По-шахтерски это называется «отбить»: сильный удар по человеку позволяет ему оторваться от притягивающей его электрической дуги. Раздался хлопок, похожий на взрыв петарды. Мужик отлетел на метр и плюхнулся в большую лужу посреди выработки. Это падение запечатлелось в памяти Антона замедленной съемкой: серое тело отлетает назад и падает в воду, производя взрыв в мутной луже, каска слетает с головы, свет коногонки откидывается назад и слепит ему глаза, глухой стон пострадавшего словно растягивается во времени.
На деле же все произошло быстро: бах – и мужик «отбит». Антон протянул ему руку:
– Как ты там, живой?
Страдалец, тяжело дыша, кивнул головой, поправил каску и присел. Пару минут они просто молчали. Один замер, сидя на распиле, только слегка подергивался свет от его лампы. Второй возвышался над ним, как дерево в донбасской степи.
– Как зовут тебя, друг? – спросил спаситель.
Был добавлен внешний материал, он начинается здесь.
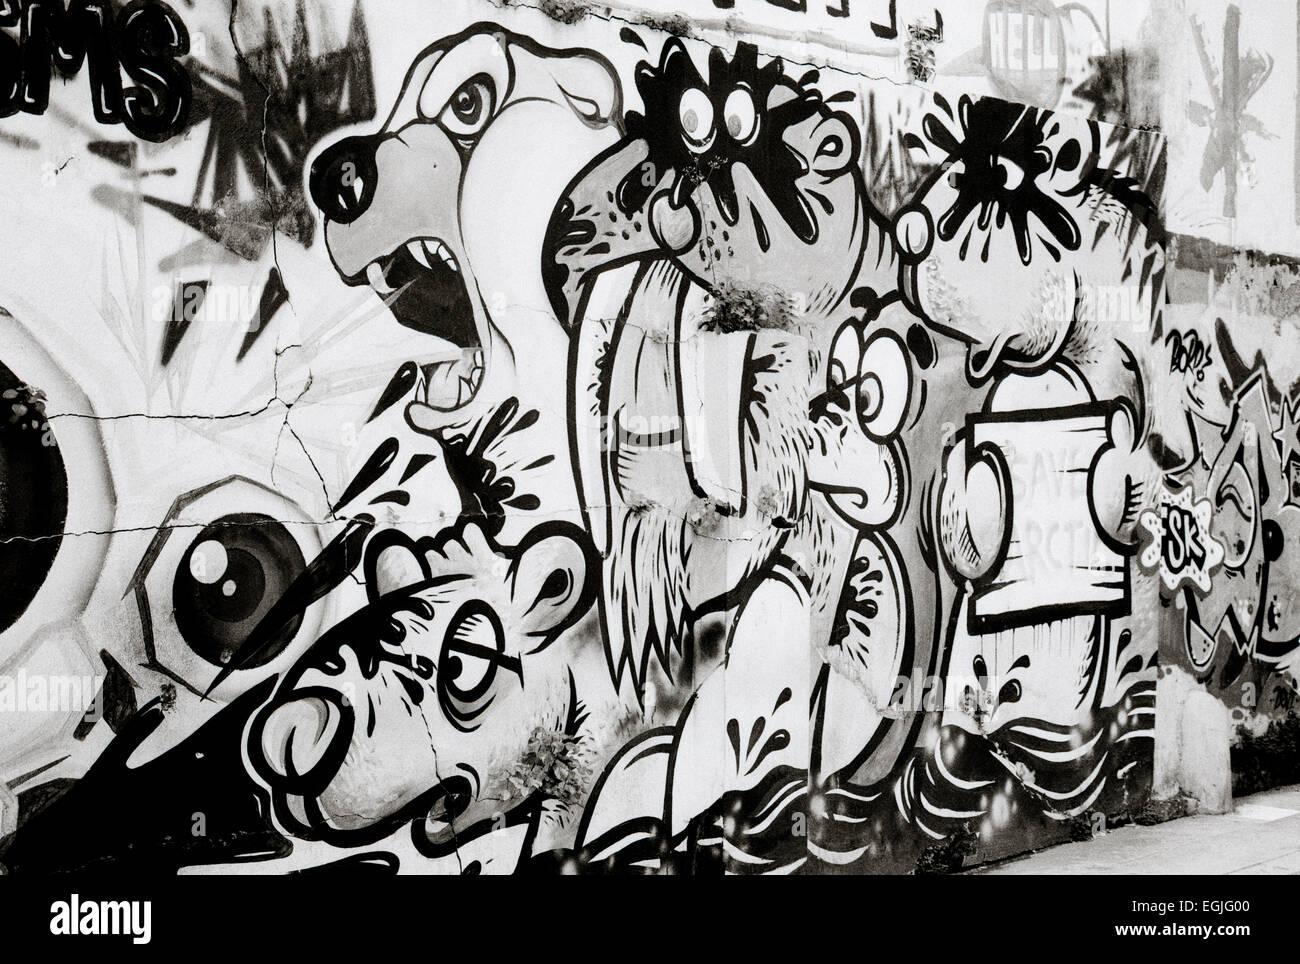 Fantastique Urban street art graffiti in Surabaya in Java in Indonesia in QE-25
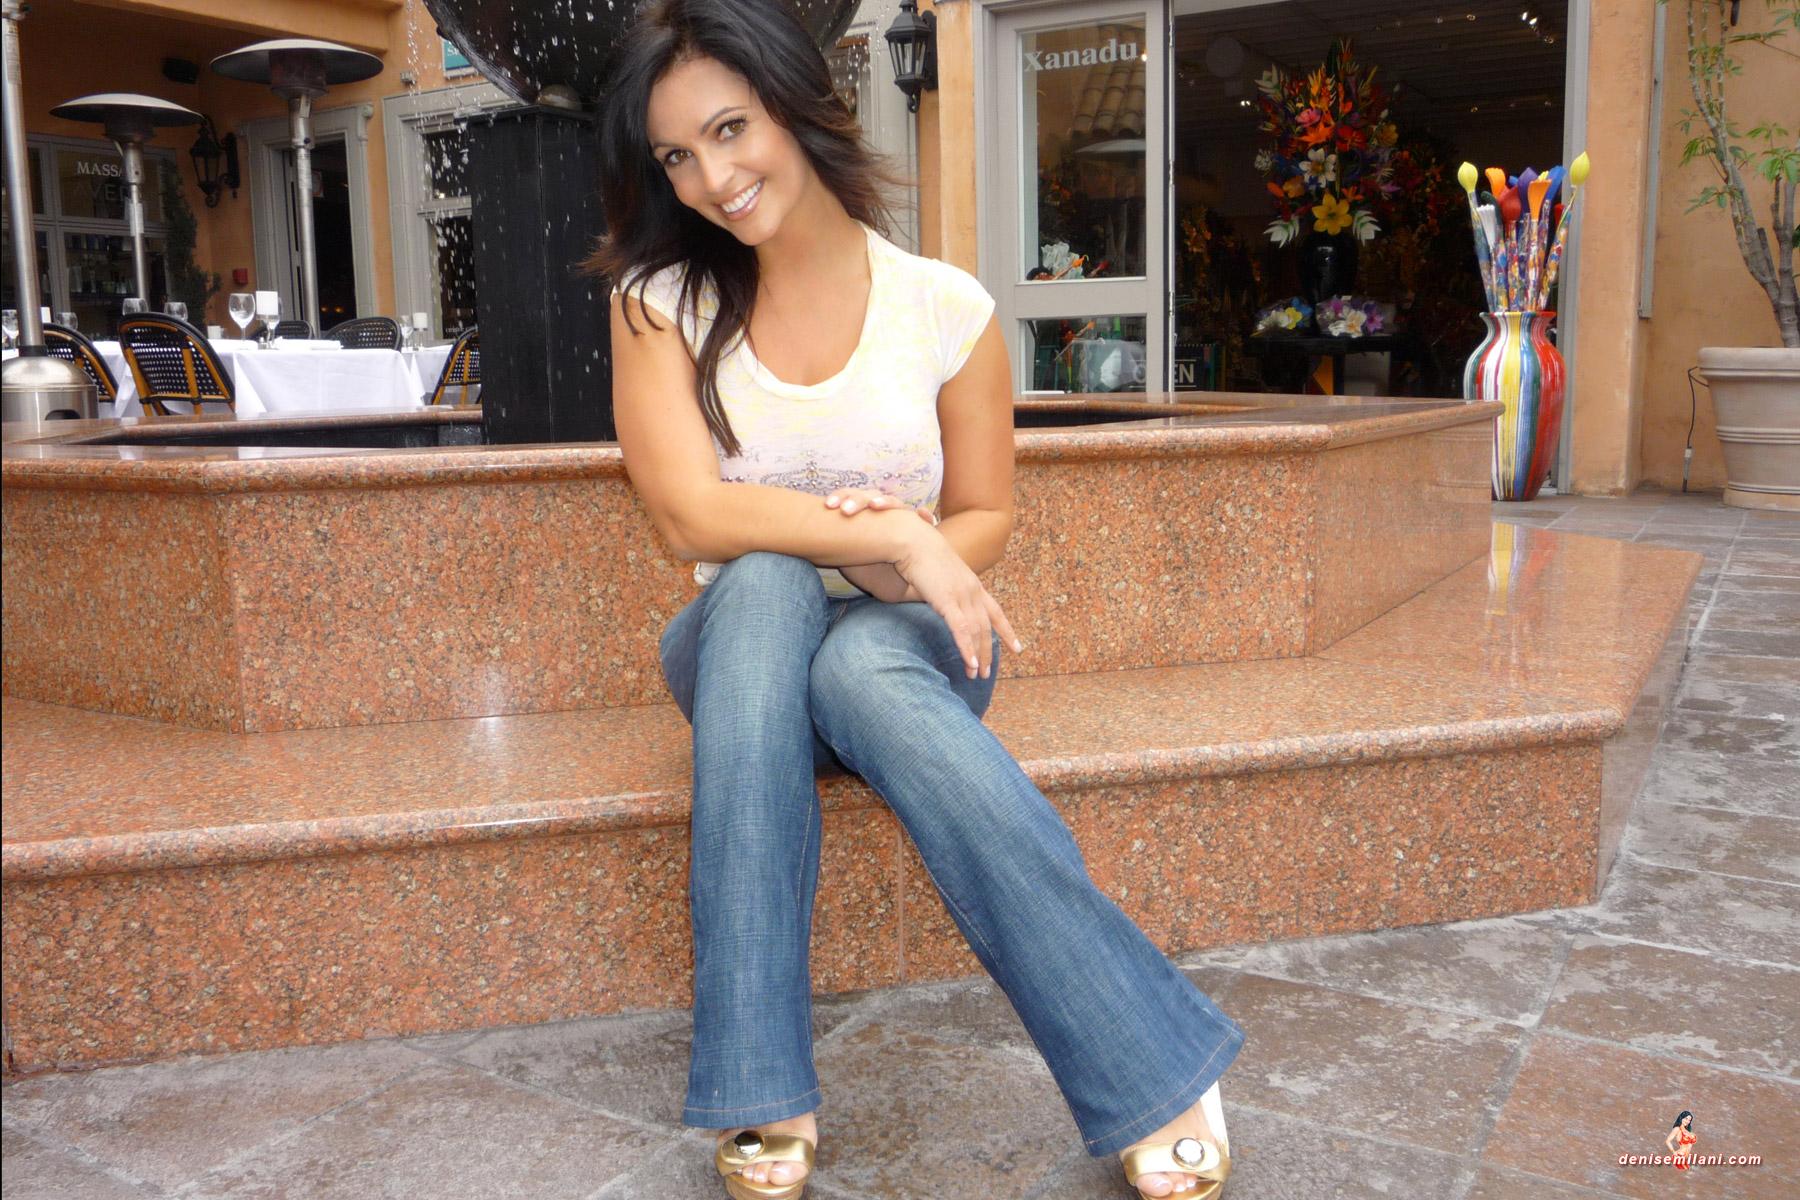 Denise Milani Kills In Jeans | planetdenise

– Николай Николаев, – смущенно ответил тот.
Антон подыскивал слова, перебирал их, словно руками, стараясь найти более удачную шутку, но в голову ничего дельного не лезло:
– Ну и угораздило тебя, Николай Николаев! Идти можешь?
– С трудом, – проговорил Николаев и оглянулся, словно искал кого-то еще. Но темнота покрыла даль выработки, ни зги не видно, и только один незнакомый ему мужик пытался чем-то помочь.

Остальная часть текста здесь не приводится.